Med students meet their Match March 16
Graduating students from the UW School of Medicine joined their peers across the U.S. in the annual rite of the National Residency Matching Program.
Susan Gregg, email@example.com .206.616.6730, 206.390.3226 (cell)
Today at exactly noon EDT (9 a.m. PDT in Seattle), fourth-year med students across the country opened envelopes and checked smart phone apps to see the fruits of their years of hard work and tenacity. Few events generate as much excitement for the soon-to-be M.D.s as they learned in which residency programs they will train for the next three to seven years. Cheers, hugs and tears were not in short supply.
The National Residency Matching Program said that the 2018 Main Residency Match is the largest in its history. A record-high 37,103 applicants submitted program choices for 33,167 positions, the most ever offered in the Match. The number of available first-year positions rose to 30,232, an increase of 1,383 over 2017,
See today's news release from the National Residency Matching Program summarizing and analyzing the overall 2018 Match results, and their infographic and preliminary data tables.
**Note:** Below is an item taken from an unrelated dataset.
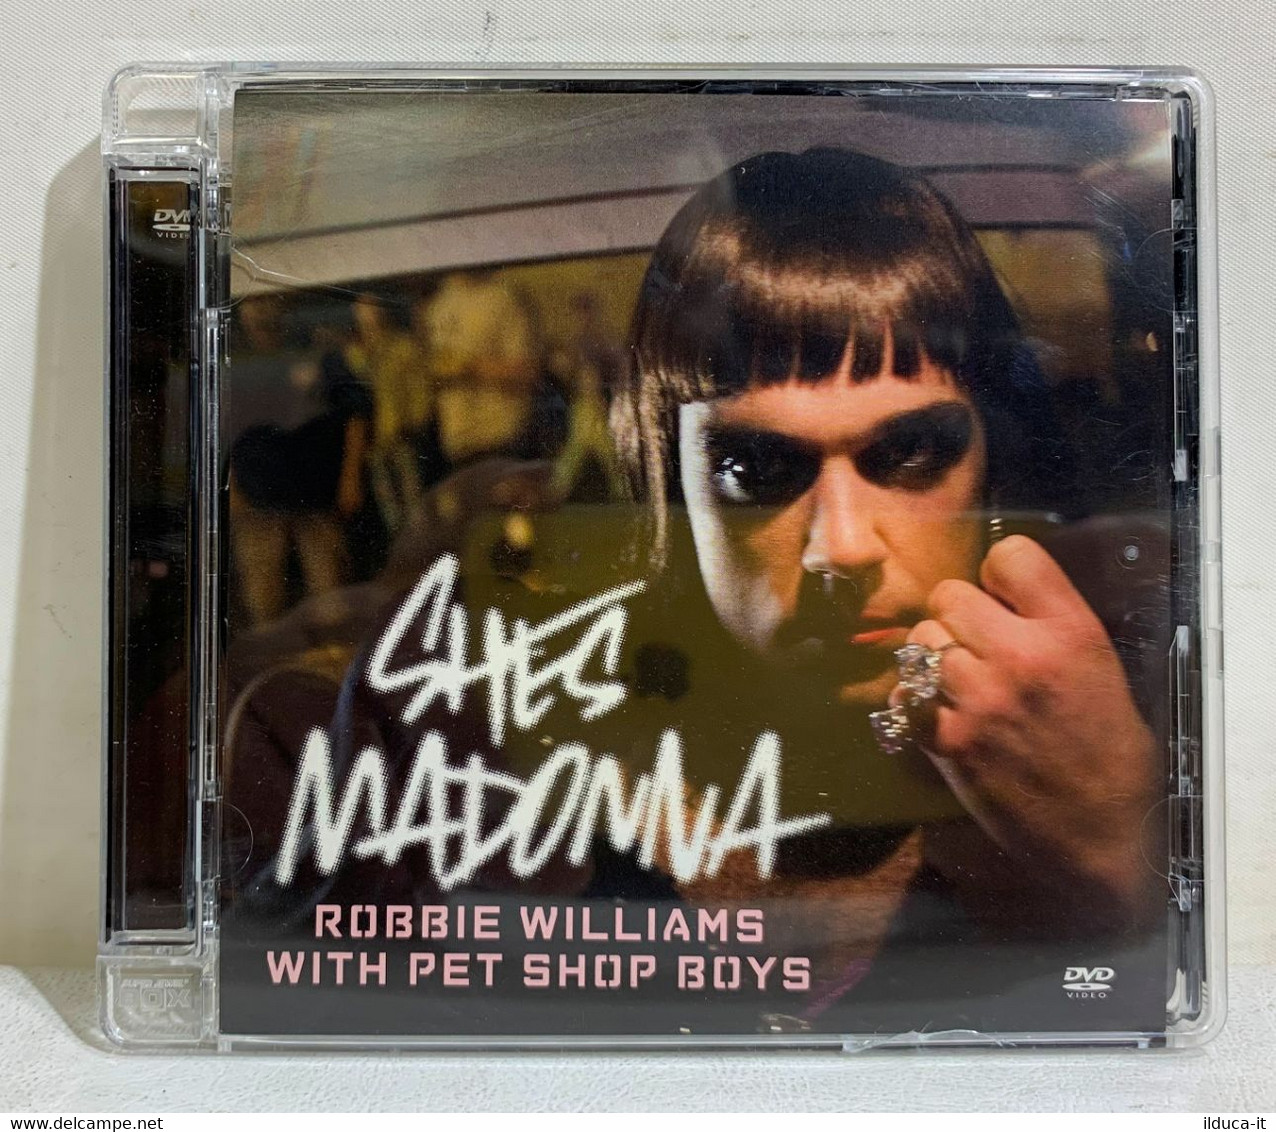 I103885 DVD Super Jewel Box - Robbie Williams With Pet Shop Boys - She's Madonna - Concert & Music

At the UW School of Medicine, 217 students are participating in Match across the five-state WWAMI region. WWAMI, founded in 1971, is a regional, decentralized medical education program run by the UW School of Medicine in Washington, Wyoming, Alaska, Montana and Idaho. The program is a key reason why many UW medical school graduates decide to become primary-care physicians in rural, underserved communities.
Of the 217 UW participants in the Match this year, 32 percent matched into residencies in WWAMI, and 50 percent matched into primary-care residencies. Results of the Main Residency Match are often used to predict the future makeup of the physician workforce.
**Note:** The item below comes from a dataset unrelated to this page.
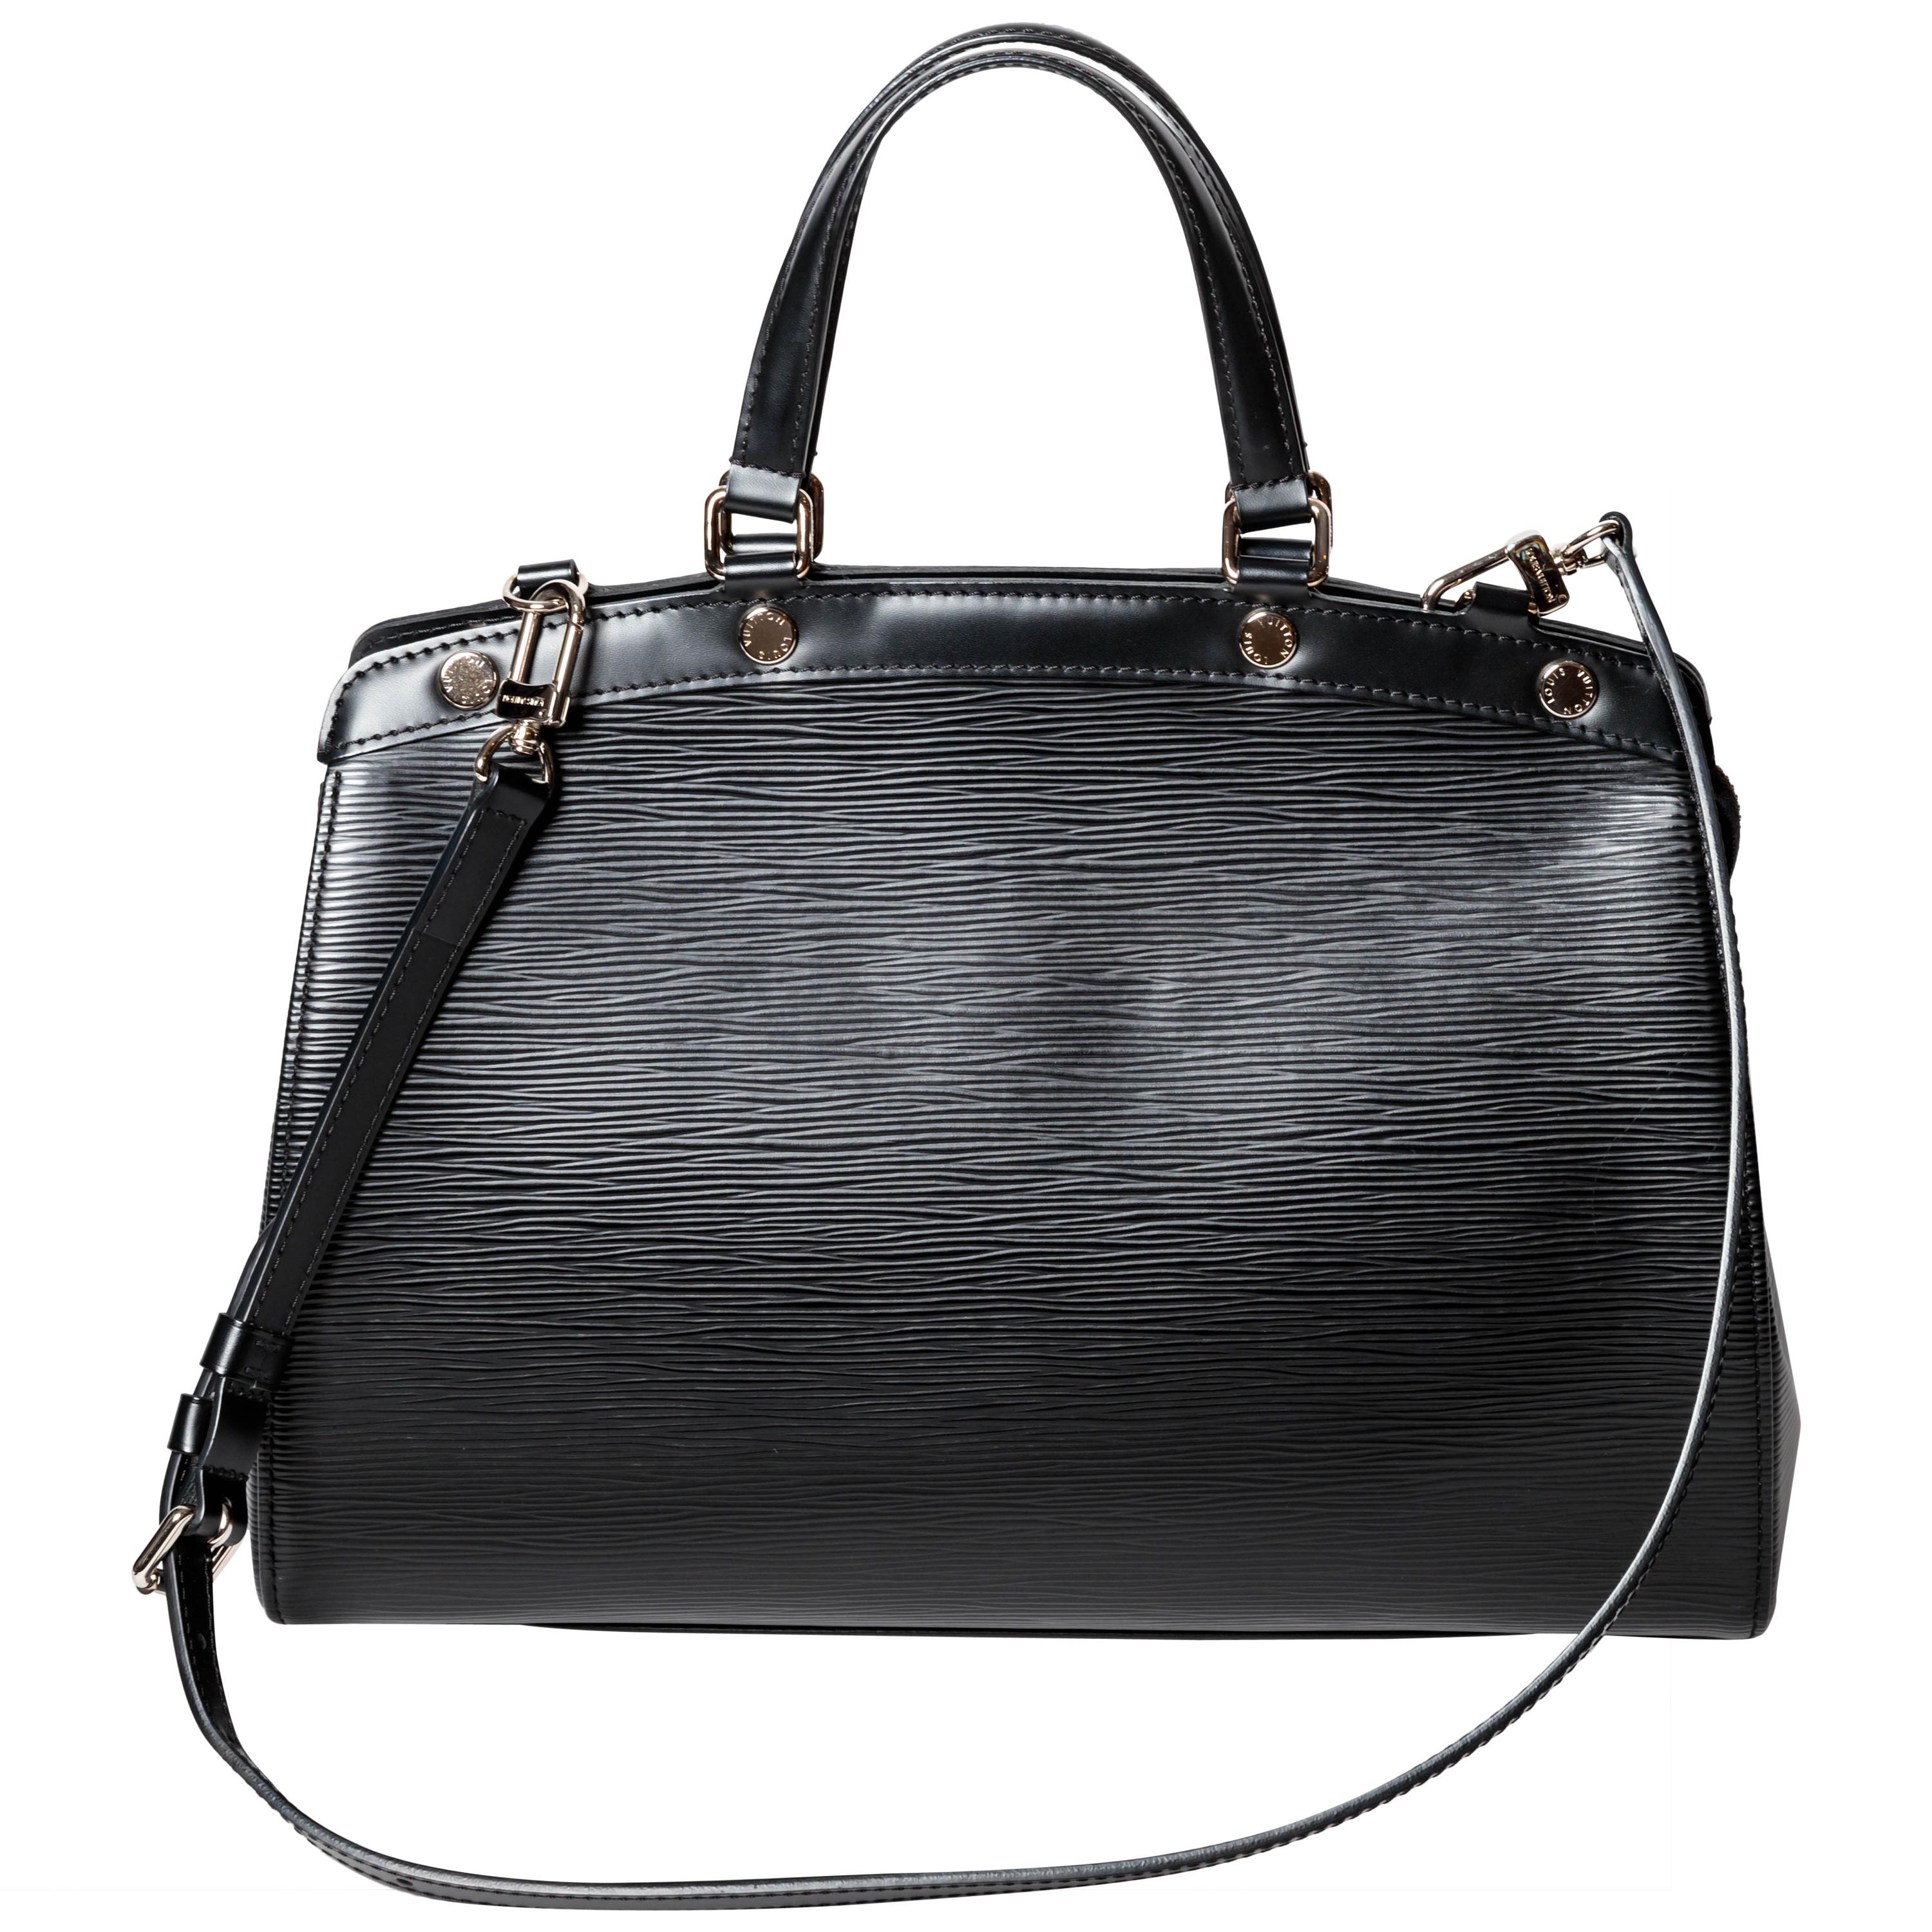 Louis Vuitton Black Epi Bag with Top Handle and Shoulder Strap For Sale

“Every practicing doctor over the age of 40 remembers opening that envelope,” said Dr. Suzanne Allen, vice dean for academic, rural and regional affairs for the UW School of Medicine. “Today students can find out where they matched by checking an app on their smart phone, but regardless of how you find out it is extremely thrilling to learn where you’ll spend the next three to seven years training in your chosen field. We are very proud of and excited for our students.”
Residency training, also called graduate medical education, or GME, prepares those who have recently earned an M.D. degree for particular fields of medical practice.. Before graduates from an M.D. program can practice medicine, they must complete residency training.
For applicants, the Main Residency Match process begins in the fall during the final year of medical school, when they apply to the residency programs of their choice. Throughout the fall and early winter, applicants interview with programs. From mid-January to late February, applicants and program directors rank each other in order of preference. They then submit their preference lists to the National Residency Matching Program, which processes them using a computerized mathematical algorithm to match applicants with programs.